Task Scams That Demand Prepaid Card Deposits
Some task scam operations request prepaid Visa or Mastercard numbers as the deposit or payment mechanism, exploiting the cards' anonymity and the victim's assumption that a widely used card type implies legitimacy.
Part of: Task Scams
Last reviewed: 1 June 2026
Prepaid debit cards occupy an unusual position in the scam payment landscape: they are legitimate financial products sold at major retailers, but their anonymity and non-reversible nature make them attractive to scammers who need an untraceable payment mechanism that does not require a crypto wallet or gift card.
Victims instructed to buy a prepaid card at a nearby pharmacy or supermarket and share the card number with a 'task platform' are essentially handing over cash — once the card details are entered on the fraudulent platform or shared with the operator, the balance is instantly accessible to the scammer.
How this scam works on Prepaid Cards
A victim is assigned a task that requires a security deposit payable via prepaid Visa or Mastercard.

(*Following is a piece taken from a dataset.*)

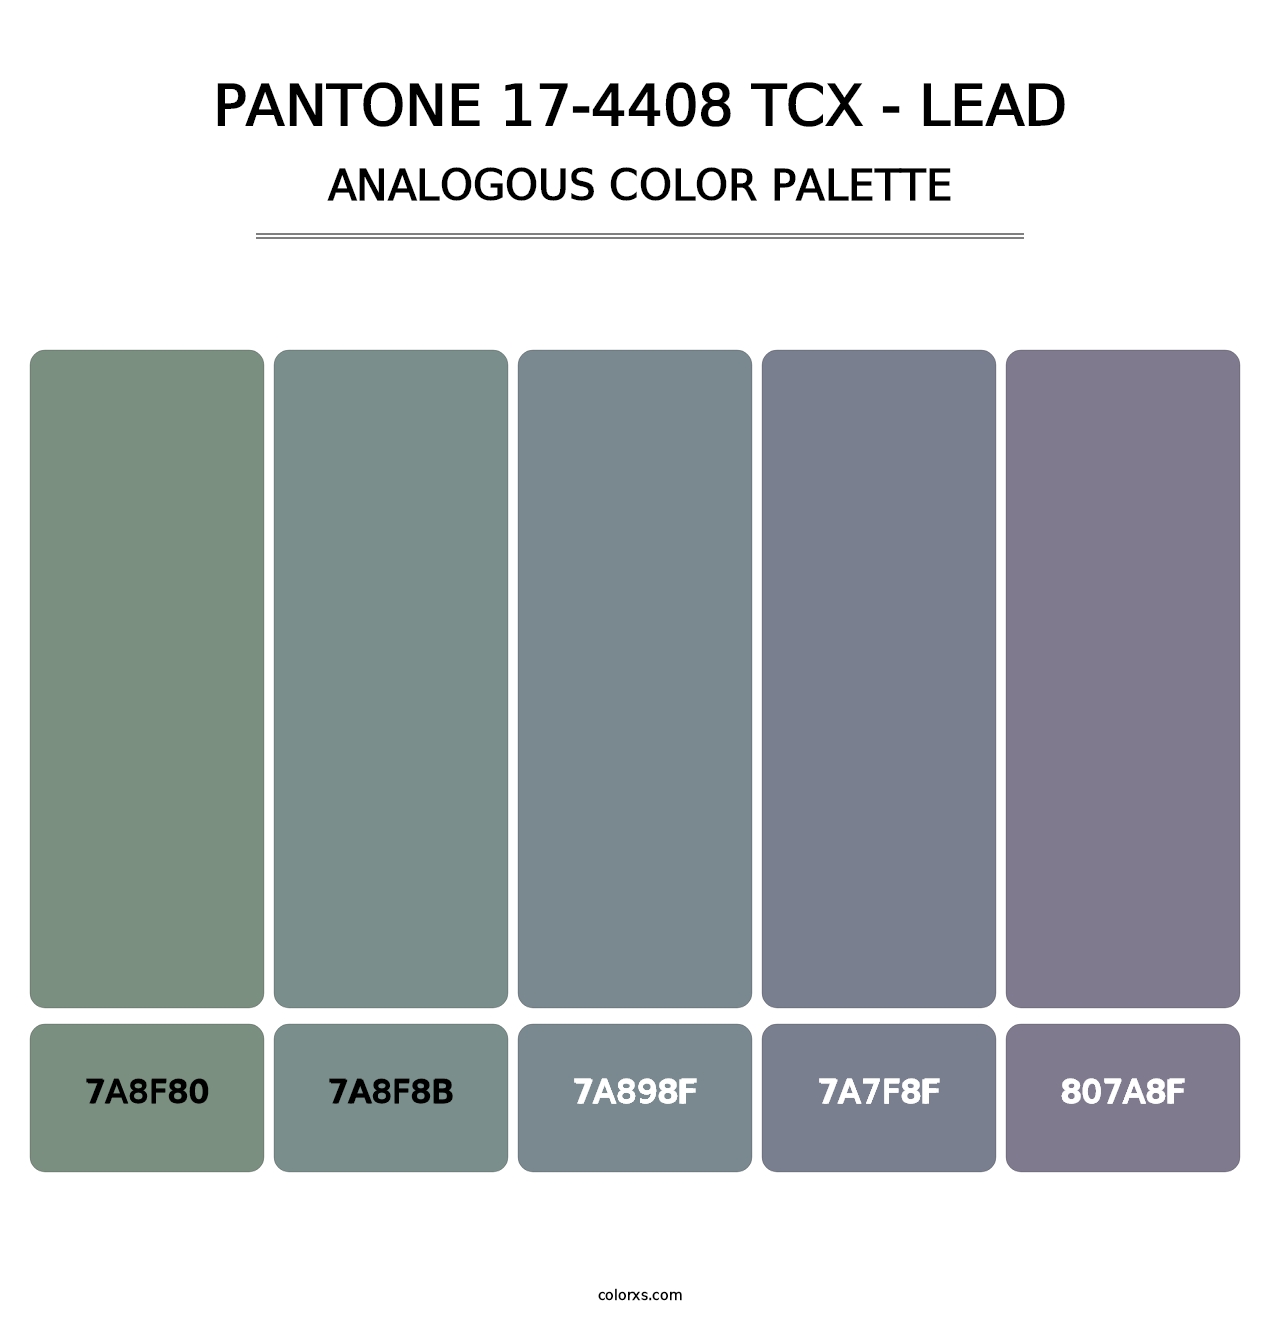 PANTONE 17-4408 TCX - Lead - Analogous Color Palette

The instruction is framed as standard practice — 'we use prepaid cards to protect both parties' — and the card purchase is positioned as similar to a bank card rather than the equivalent of sending cash.
Victims are instructed to purchase a card at a specific denomination — $50, $100, $200 — and photograph the card details (number, expiry, CVV) to submit via the platform or WhatsApp. Once details are submitted, the scammer drains the card.
Repeat requests follow as each task tier requires a new, larger prepaid card deposit. The cumulative loss can reach thousands of dollars across multiple cards before the pattern becomes clear.
Common red flags
- Task platform requesting prepaid card details rather than a standard bank account deposit
- Instruction to photograph and share the full prepaid card details including CVV
- Escalating card denomination requests at each task level
- Operator who explicitly frames prepaid cards as safer or more legitimate than other payment methods
- Any job that requires you to purchase a card at a retail store to start working
How to protect yourself
- Understand that sharing prepaid card details is equivalent to handing over cash with no recovery option
- Never share the full details (number, expiry, CVV) of any card — prepaid or otherwise — with an employer
- Legitimate jobs do not require employees to purchase and share card details before starting work
- Report prepaid card fraud to the card issuer's fraud line immediately if details were shared
- File a complaint with the FTC at reportfraud.ftc.gov or your national authority
How to report it
- Contact the prepaid card issuer (Visa, Mastercard, or the retail brand) to report fraud
- File a complaint with the FTC at reportfraud.ftc.gov
- Report to the FBI's IC3 at ic3.gov for significant losses
Frequently asked questions
Can the balance on a prepaid card be recovered after it is drained by a scammer?
Prepaid card fraud recovery is possible in some cases if the fraud is reported immediately before the scammer transfers the balance. Contact the card issuer's fraud line — the number is on the back of the card or the retailer receipt — as quickly as possible. Once the funds have been moved, recovery is very unlikely.